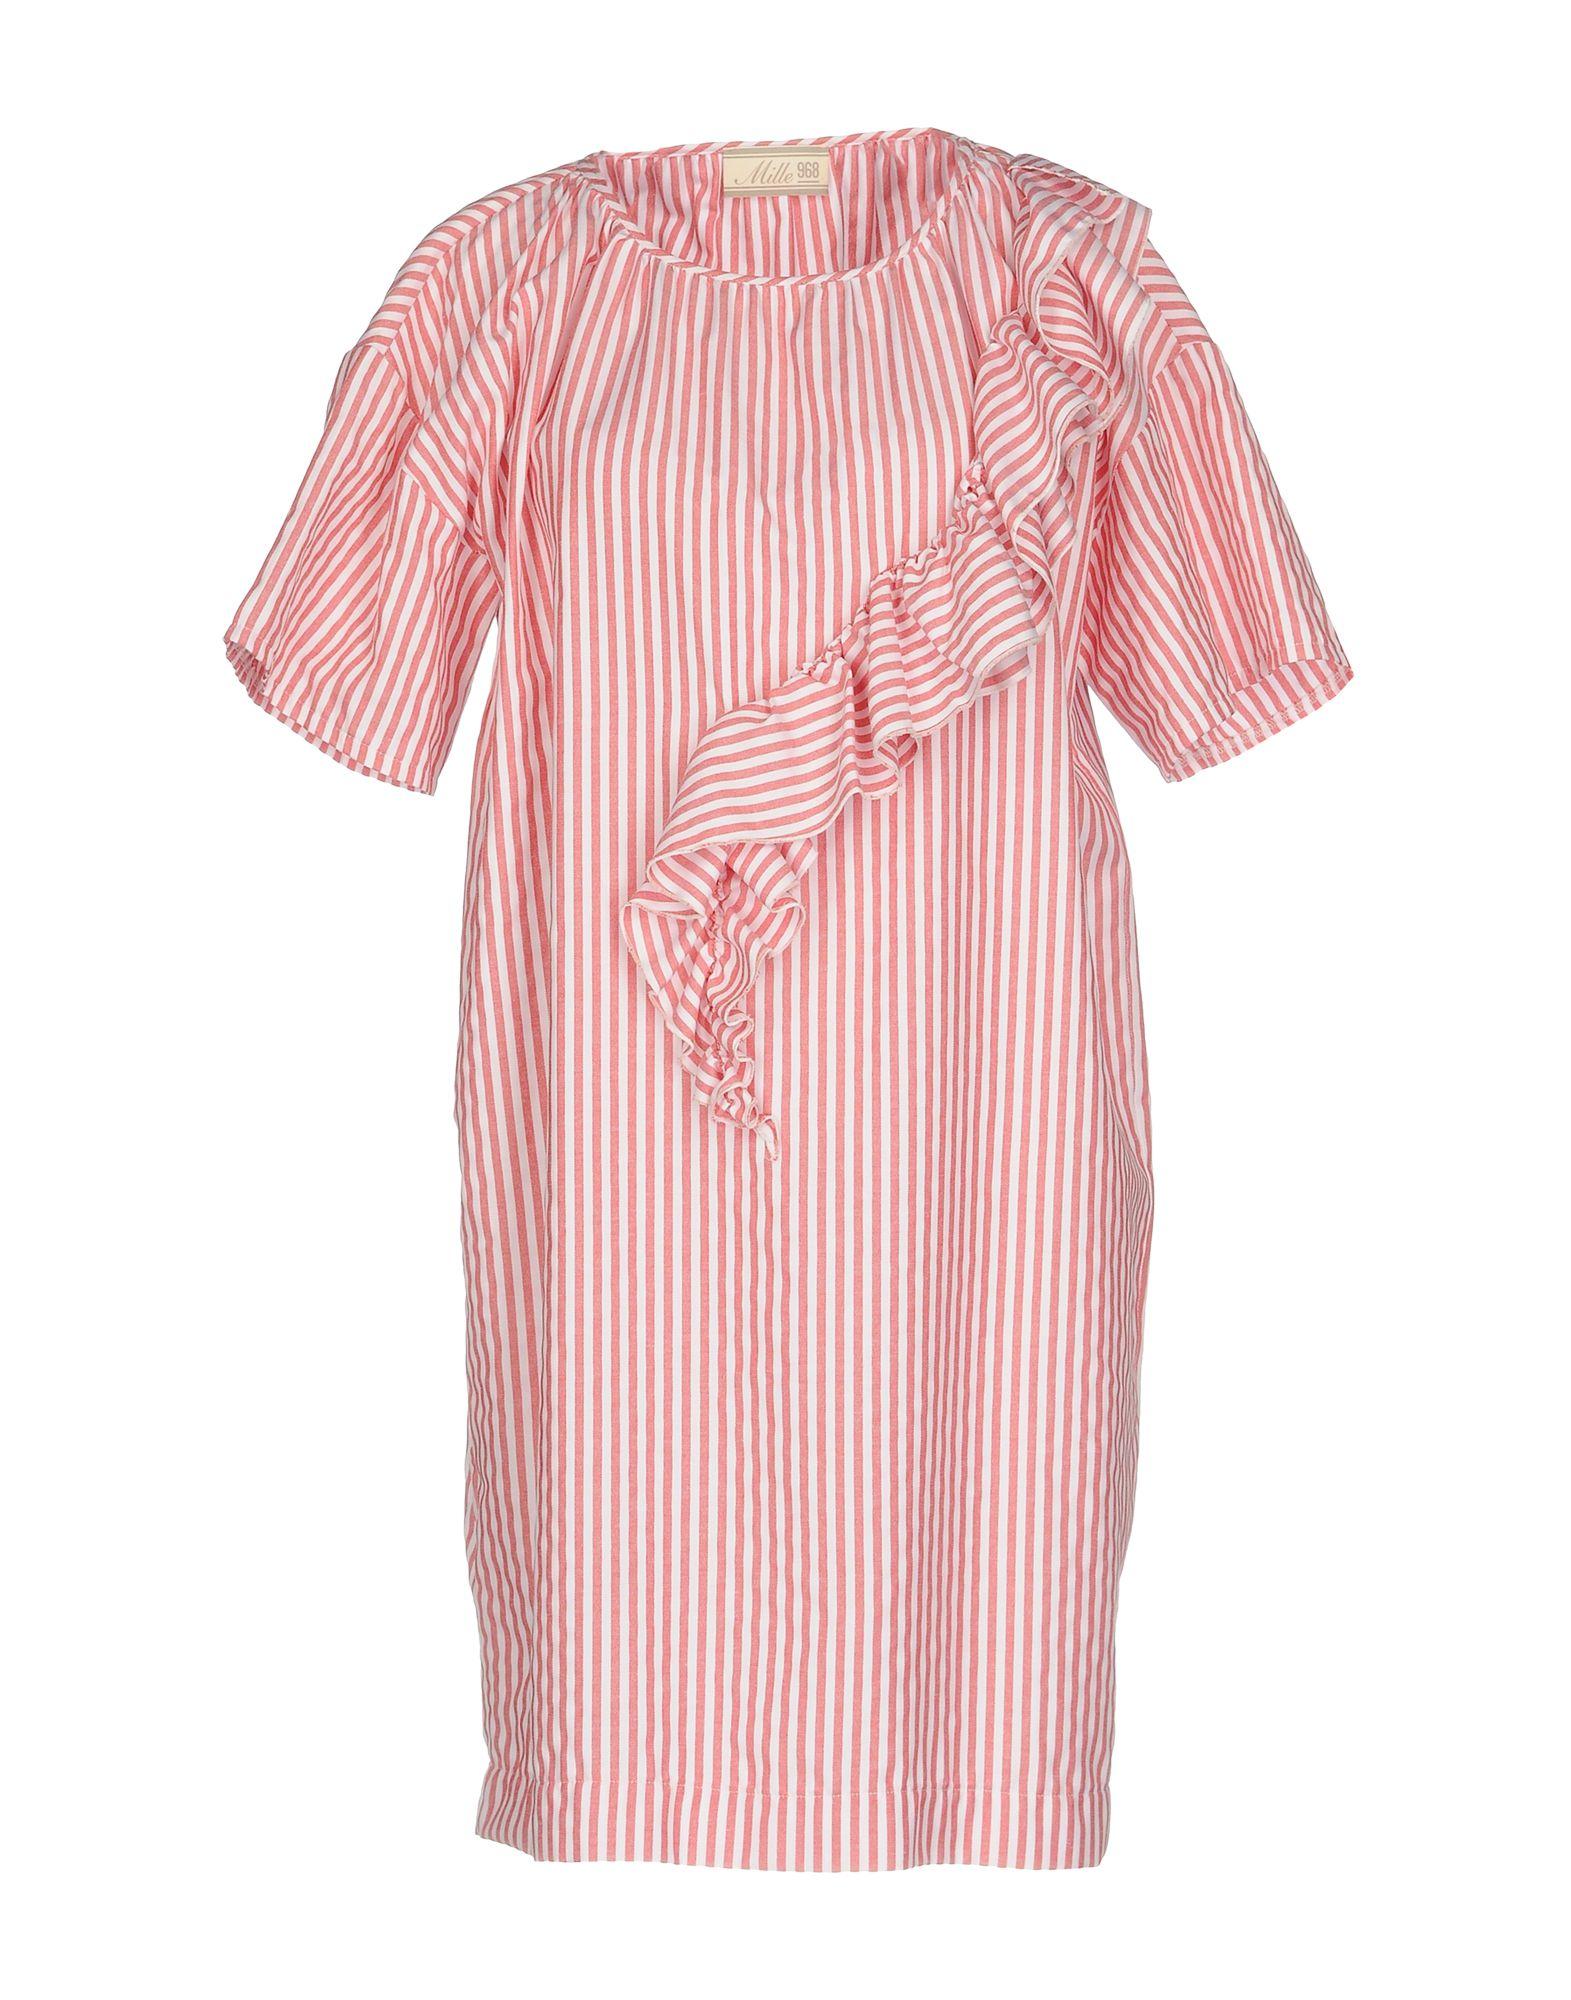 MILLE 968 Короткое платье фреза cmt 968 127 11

...

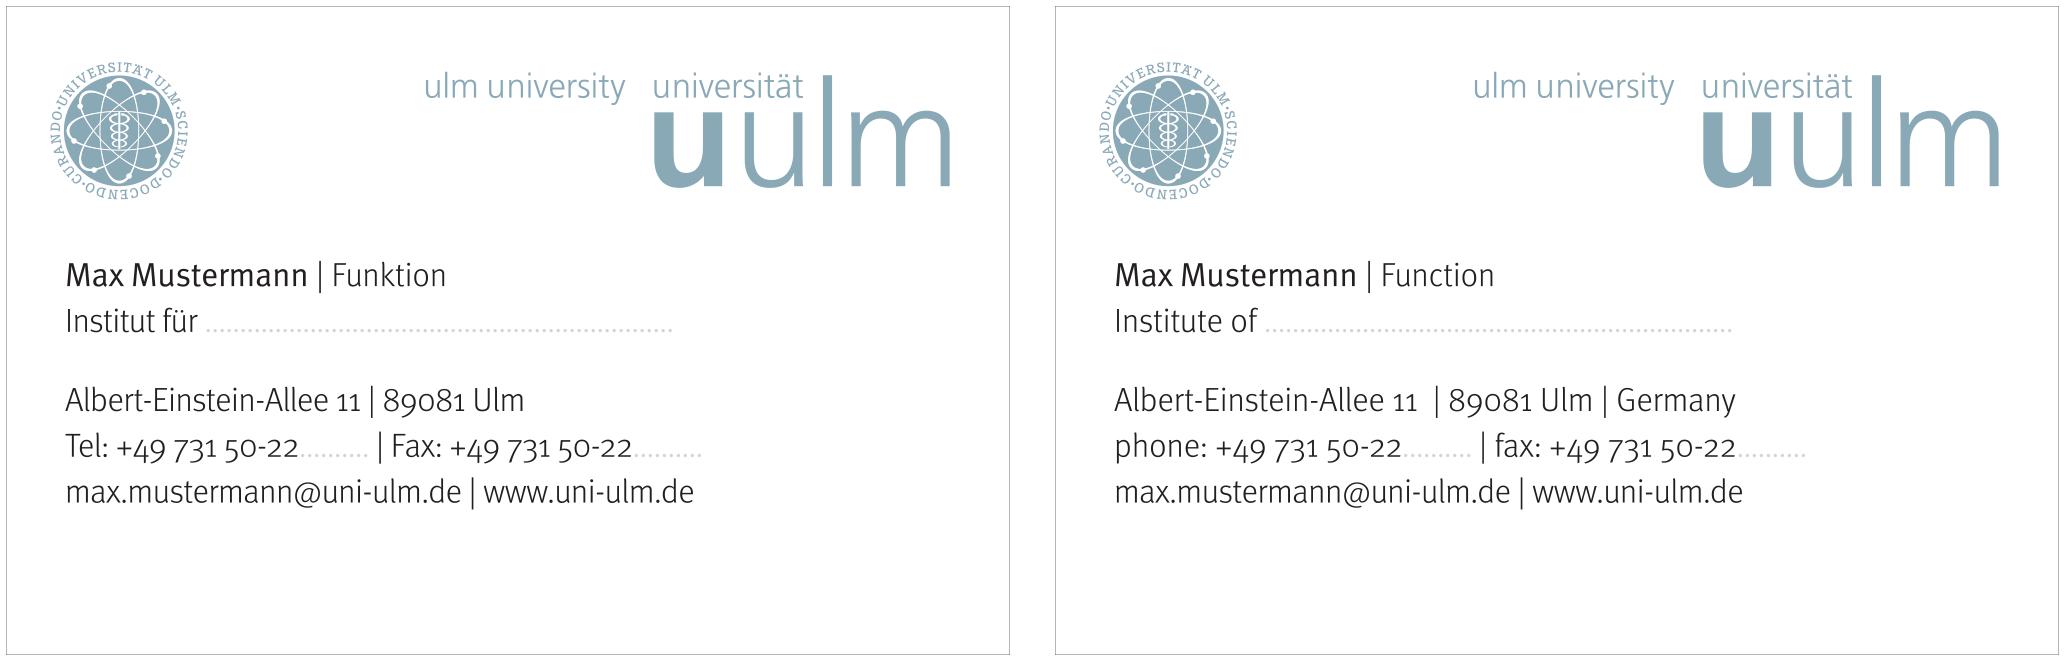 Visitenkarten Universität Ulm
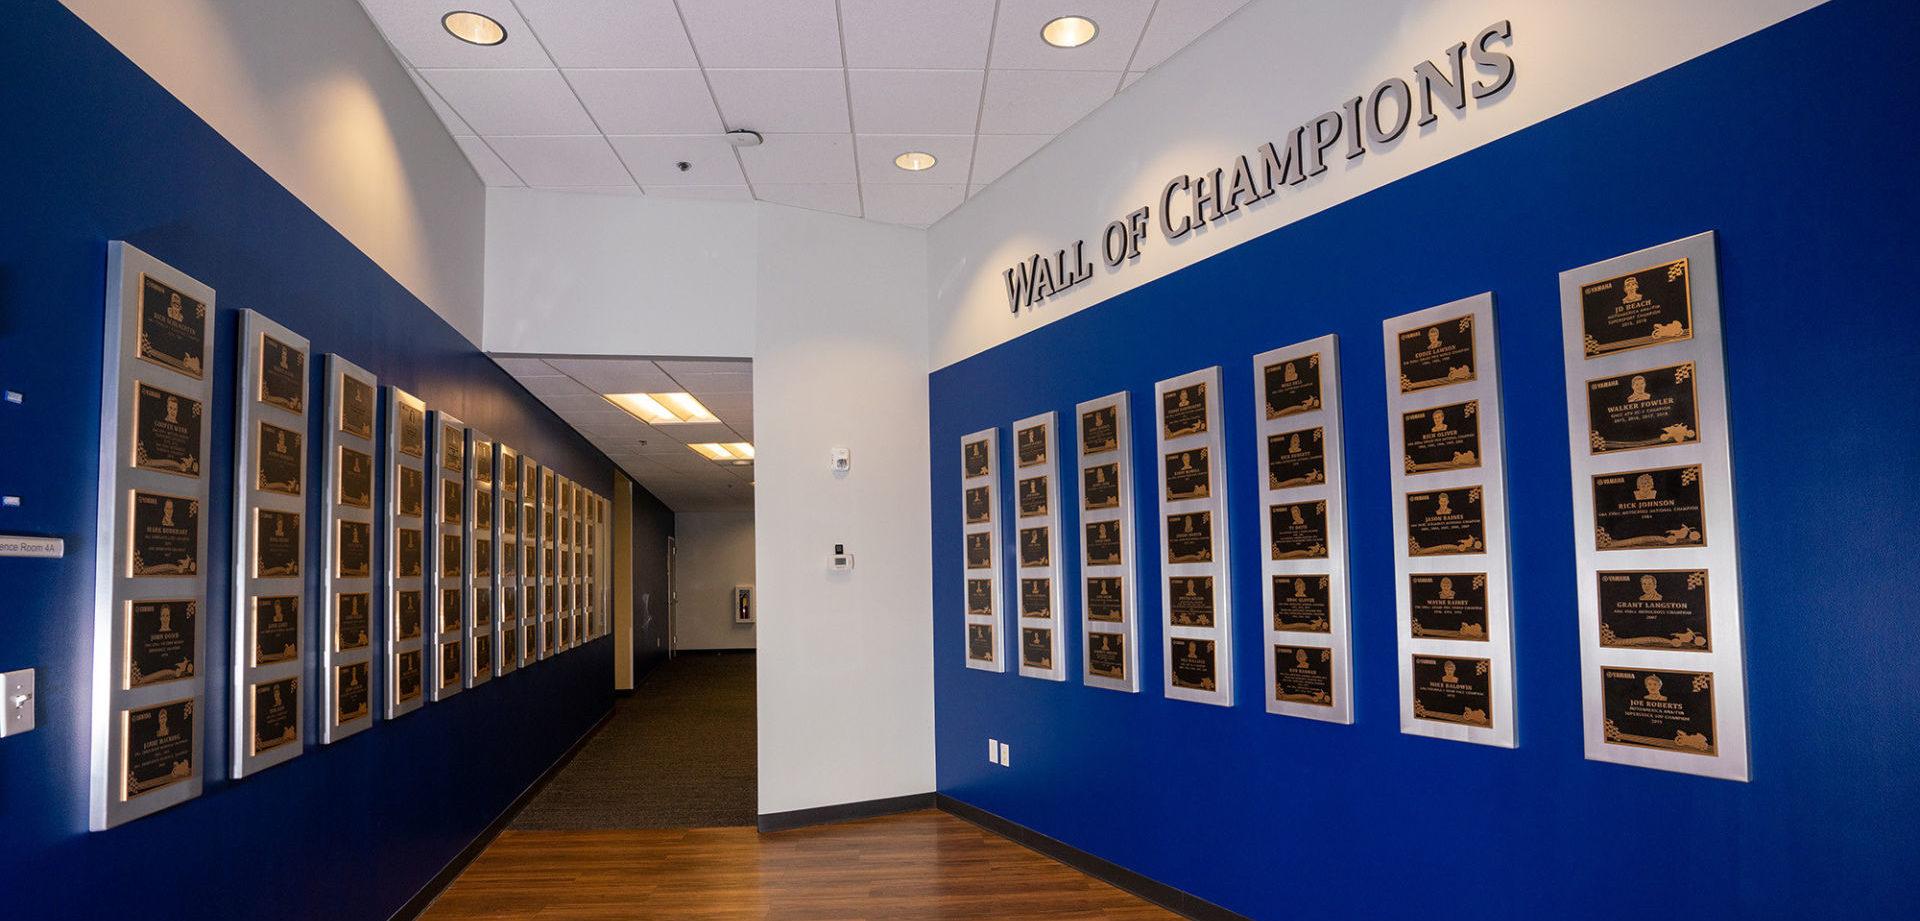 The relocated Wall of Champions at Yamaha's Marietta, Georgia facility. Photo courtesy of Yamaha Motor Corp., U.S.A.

▶ [EXERCISE]
Everything above from the line containing "Visitenkarten Universität Ulm" through the line containing "The relocated Wall" must be repeated exactly, and the pictures must be left out.

▶ [EXERCISE OUTPUT]
 Visitenkarten Universität Ulm
 The relocated Wall of Champions at Yamaha's Marietta, Georgia facility. Photo courtesy of Yamaha Motor Corp., U.S.A.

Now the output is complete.